For information that is public but generally difficult to collect or presented in a complex way (e.g software documentation), users often rely on a company, or contributors for web2.0 platforms, to summarize and repackage the information in a user-friendly way. In that case, the intermediary is highly exposed to AI disruption. Industry-specific data providers, including providers of private financial information, often have this profile and seem under threat in the short term unless they integrate AI themselves.

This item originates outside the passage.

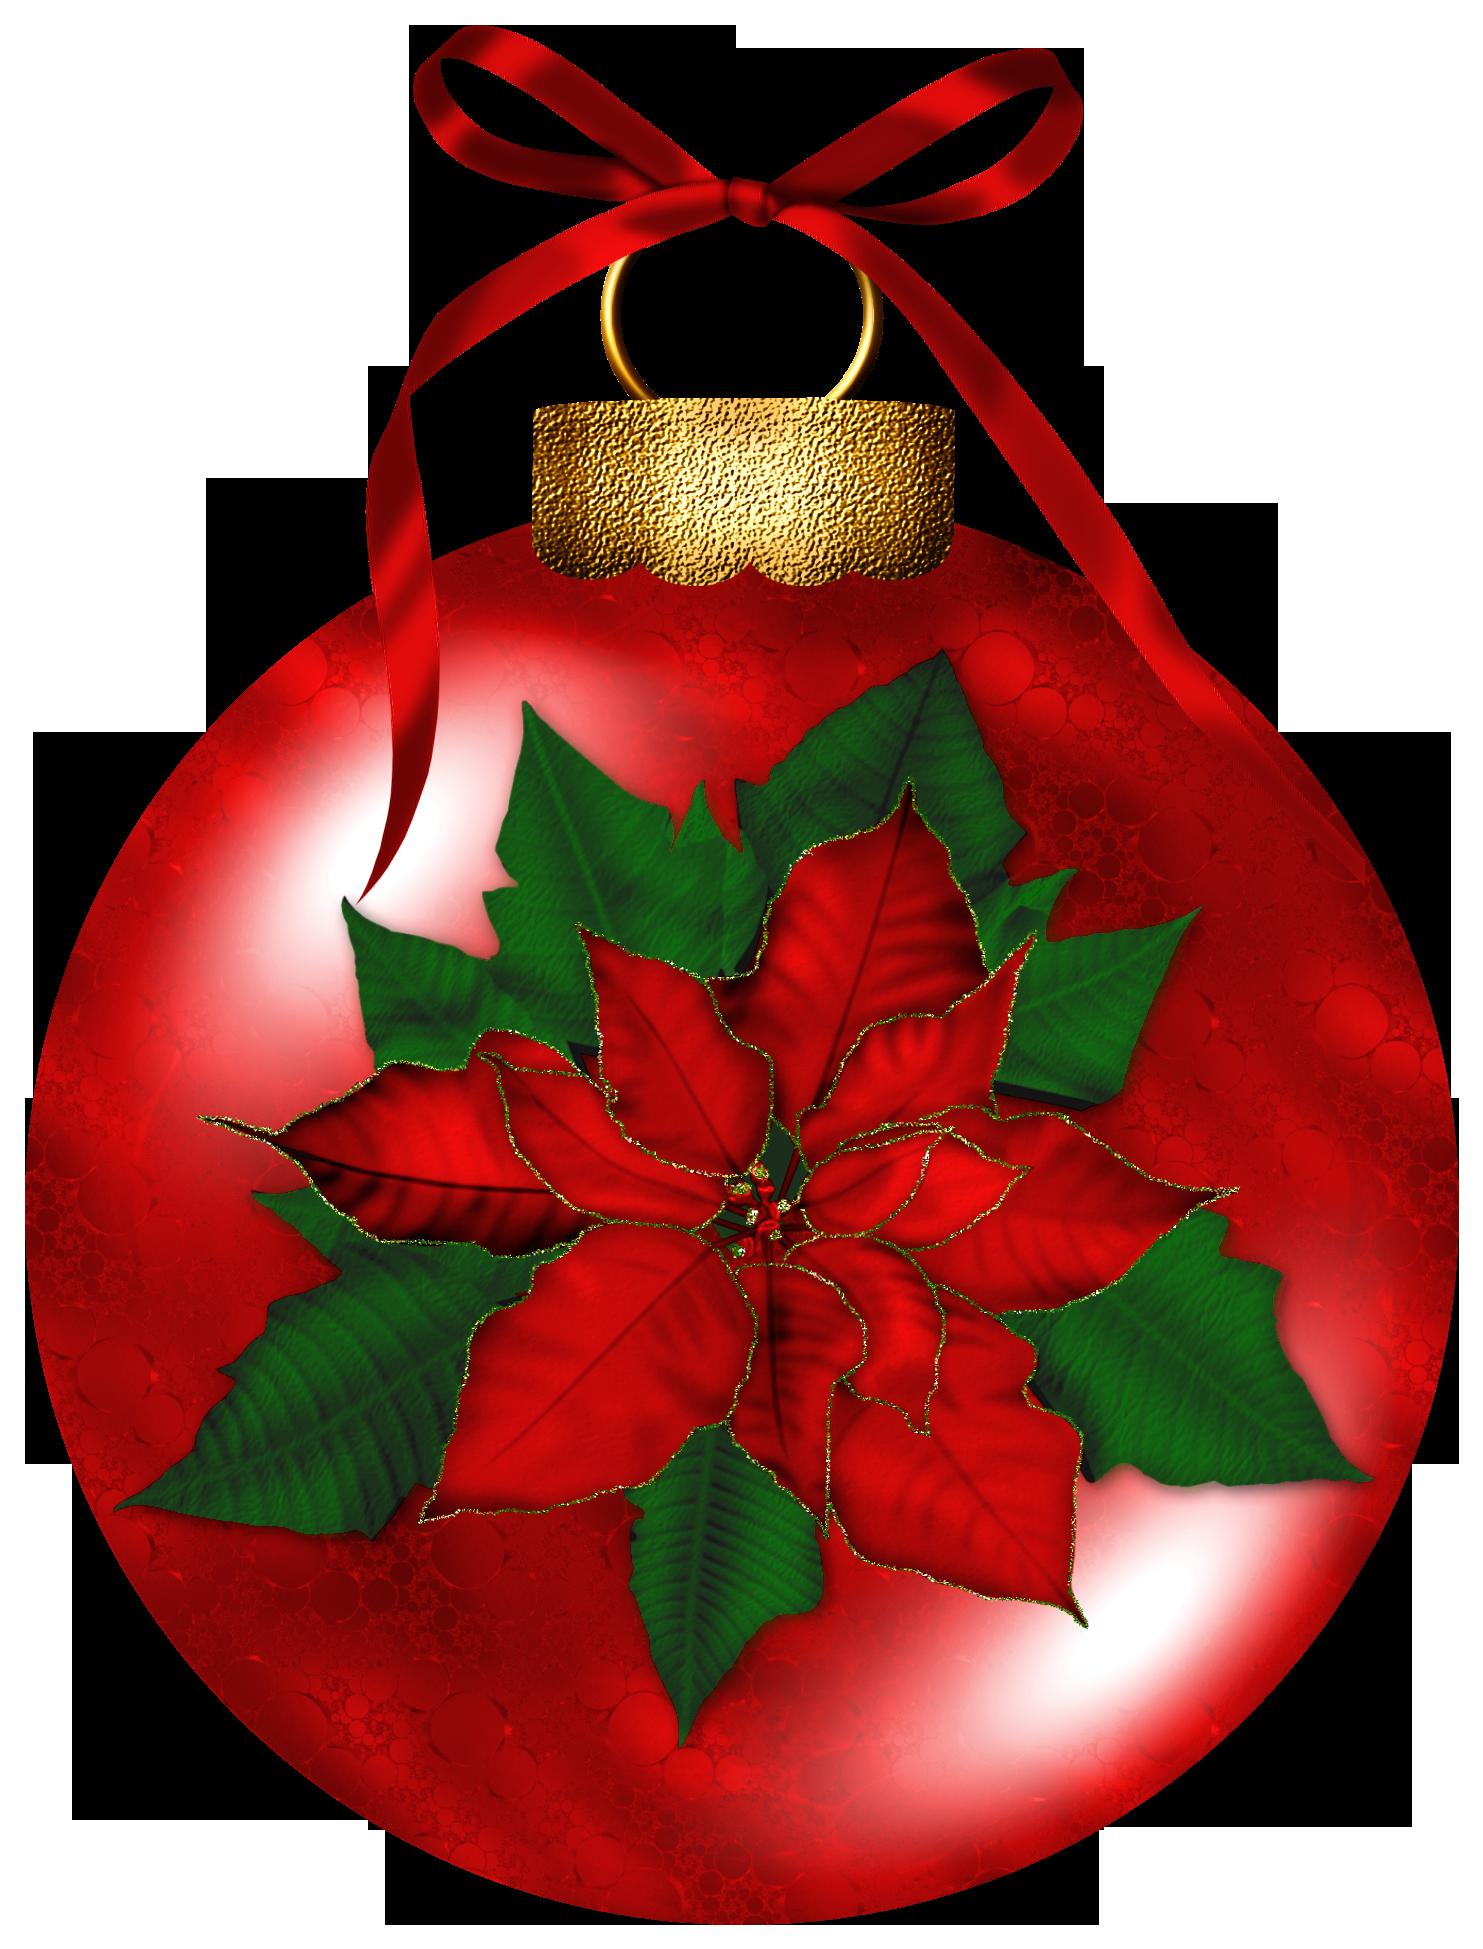 Poinsettias clipart ornament. Poinsettia holiday garland free

Historically, these data providers have been very good candidates for LBOs as they had visible revenues (SaaS) and a very sticky customer-base with limited price sensitivity. It is not surprising that so many of these firms have been acquired by Private Equity funds in the past few years, financed with significant debt stacks when base rates were close to zero. Base rates and economic slowdown alone would affect equity value materially. But a Stack Overflow-type disruption could wipe it out entirely, and even eat into the debt. If you are interested in the intersection between business/finance and AI, keep an eye on this space.
Self deep-faking
Intuitively, training a model to build a digital version of yourself and making it available to the public seems a very bad idea. The issue is that you can’t prevent users from making the AI-you do or say anything as it is easy to force generative AI models to return information you specifically designed them not to. Grimes has been one of the first artists to allow anyone to use her voice to create AI music, but she subsequently backtracked slightly after realizing horrendous words that could be put in her mouth. She did nonetheless push through with the idea and launched a platform to help users mimic her voice.
Not everyone is afraid of deepfakes that could go horribly wrong, and some see it as a business opportunity. Caryn Marjorie, a Snapchat personality, recently launched a pay-as-you-go AI-girlfriend service for $1/minute. She claimed to have trained the model on hours of videos of herself. We will not try the product (sorry) so we will never be able to tell if all this was just a PR stunt (which is likely). But she claims to have made over $70k in a week with, reportedly, 1000 beta testers.
This means that each beta tester spent on average 70 minutes interacting with the bot. Noone knows if these 70 minutes were spread over 7 sessions of 10 minutes or if it was typically just one hour-long session. It would make a big difference because, if it turns out that users can engage extensively with an AI girlfriend, it would be a good enough proof of concept for another industry that has been so instrumental to tech innovation historically: Porn.
To know which Tech goes mainstream next: watch Porn, the industry not the content
The Porn industry has always been the first to address critical friction points with new technologies, ultimately unlocking mass adoption : cable television, VCR, internet content, online payments, streaming, live chats, digital rights management to name few innovations where the porn industry has paved the way. If you want to know what tech will soon go mainstream, check out regularly the recent trends in the porn industry.
Today, the industry represents between 10% and 20% of global web searches (vs 40% in the 1990’s), and users spend 10 minutes on average browsing pornsites according to sexualalpha (some surprising stats there). Hour-long engagements would be a revolution. And it is fair to assume that Onlyfans creators could face fierce competition from AI-powered bots. Would this kind of disruption be a good thing or bad thing? That would be an interesting question for the Effective Altruism community.
Towards DIY Ai and local inference
Wheverer you are and whatever you want to build – including for commercial purposes – there are now plenty of opensource tools to experiment with. In earlier posts, we talked about two promising approaches: quantization, allowing to “compress” models and run them on consumer hardware, and Low Rank Adaptation (LoRA), to fine-tune models quickly and at low cost. Early May, Tim Dettmers presented Qlora a finetuning approach combining quantization and LoRA. An associated model - Guanaco - is also available.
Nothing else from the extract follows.